• _Records for processing_:
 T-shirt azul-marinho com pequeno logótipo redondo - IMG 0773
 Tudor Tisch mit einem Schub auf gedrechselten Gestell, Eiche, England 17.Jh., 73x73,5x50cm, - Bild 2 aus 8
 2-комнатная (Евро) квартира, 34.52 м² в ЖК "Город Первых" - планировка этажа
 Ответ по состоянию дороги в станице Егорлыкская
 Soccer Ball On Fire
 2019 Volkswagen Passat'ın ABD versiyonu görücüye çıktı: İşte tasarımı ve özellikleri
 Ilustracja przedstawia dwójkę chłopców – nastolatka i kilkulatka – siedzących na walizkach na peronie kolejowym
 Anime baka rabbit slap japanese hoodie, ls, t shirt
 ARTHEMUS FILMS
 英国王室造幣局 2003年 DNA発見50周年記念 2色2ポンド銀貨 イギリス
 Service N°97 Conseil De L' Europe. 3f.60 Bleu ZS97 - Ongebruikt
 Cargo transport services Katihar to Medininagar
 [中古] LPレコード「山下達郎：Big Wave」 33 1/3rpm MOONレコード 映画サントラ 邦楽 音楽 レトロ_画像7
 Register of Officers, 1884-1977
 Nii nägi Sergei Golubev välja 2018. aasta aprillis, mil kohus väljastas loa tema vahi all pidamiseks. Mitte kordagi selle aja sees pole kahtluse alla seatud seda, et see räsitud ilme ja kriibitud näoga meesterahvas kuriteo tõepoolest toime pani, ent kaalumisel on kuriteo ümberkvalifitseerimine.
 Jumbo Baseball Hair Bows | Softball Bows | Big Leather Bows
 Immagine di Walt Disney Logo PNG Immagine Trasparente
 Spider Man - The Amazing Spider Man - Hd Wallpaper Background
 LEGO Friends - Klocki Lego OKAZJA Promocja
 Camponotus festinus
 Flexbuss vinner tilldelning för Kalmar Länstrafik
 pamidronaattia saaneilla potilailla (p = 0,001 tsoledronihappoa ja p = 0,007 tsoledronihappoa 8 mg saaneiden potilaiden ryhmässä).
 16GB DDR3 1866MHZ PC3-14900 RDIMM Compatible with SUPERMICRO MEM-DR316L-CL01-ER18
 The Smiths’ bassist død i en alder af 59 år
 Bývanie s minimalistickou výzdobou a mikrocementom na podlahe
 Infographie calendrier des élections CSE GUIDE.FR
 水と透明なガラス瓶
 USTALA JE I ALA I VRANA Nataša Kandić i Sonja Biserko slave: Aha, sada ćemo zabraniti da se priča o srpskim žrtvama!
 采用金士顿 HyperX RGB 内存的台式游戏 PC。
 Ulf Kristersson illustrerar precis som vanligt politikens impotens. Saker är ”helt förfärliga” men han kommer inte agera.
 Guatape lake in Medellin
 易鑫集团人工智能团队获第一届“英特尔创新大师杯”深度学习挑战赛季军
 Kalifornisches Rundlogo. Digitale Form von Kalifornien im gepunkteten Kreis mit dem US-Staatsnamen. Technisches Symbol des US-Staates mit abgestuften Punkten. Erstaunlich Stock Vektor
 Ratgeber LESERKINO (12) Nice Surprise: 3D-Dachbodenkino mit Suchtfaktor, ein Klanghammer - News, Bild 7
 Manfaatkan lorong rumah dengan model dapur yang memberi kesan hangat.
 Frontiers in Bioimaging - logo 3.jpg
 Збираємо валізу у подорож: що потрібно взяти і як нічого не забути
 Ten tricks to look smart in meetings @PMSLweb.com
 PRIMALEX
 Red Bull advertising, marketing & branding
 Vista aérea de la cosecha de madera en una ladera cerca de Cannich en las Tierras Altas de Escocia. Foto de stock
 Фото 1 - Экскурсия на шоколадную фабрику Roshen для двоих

• _Task_: Please go through the listing and return each line that has "Bild" in it.

• _Answer box_:
 Tudor Tisch mit einem Schub auf gedrechselten Gestell, Eiche, England 17.Jh., 73x73,5x50cm, - Bild 2 aus 8
 Ratgeber LESERKINO (12) Nice Surprise: 3D-Dachbodenkino mit Suchtfaktor, ein Klanghammer - News, Bild 7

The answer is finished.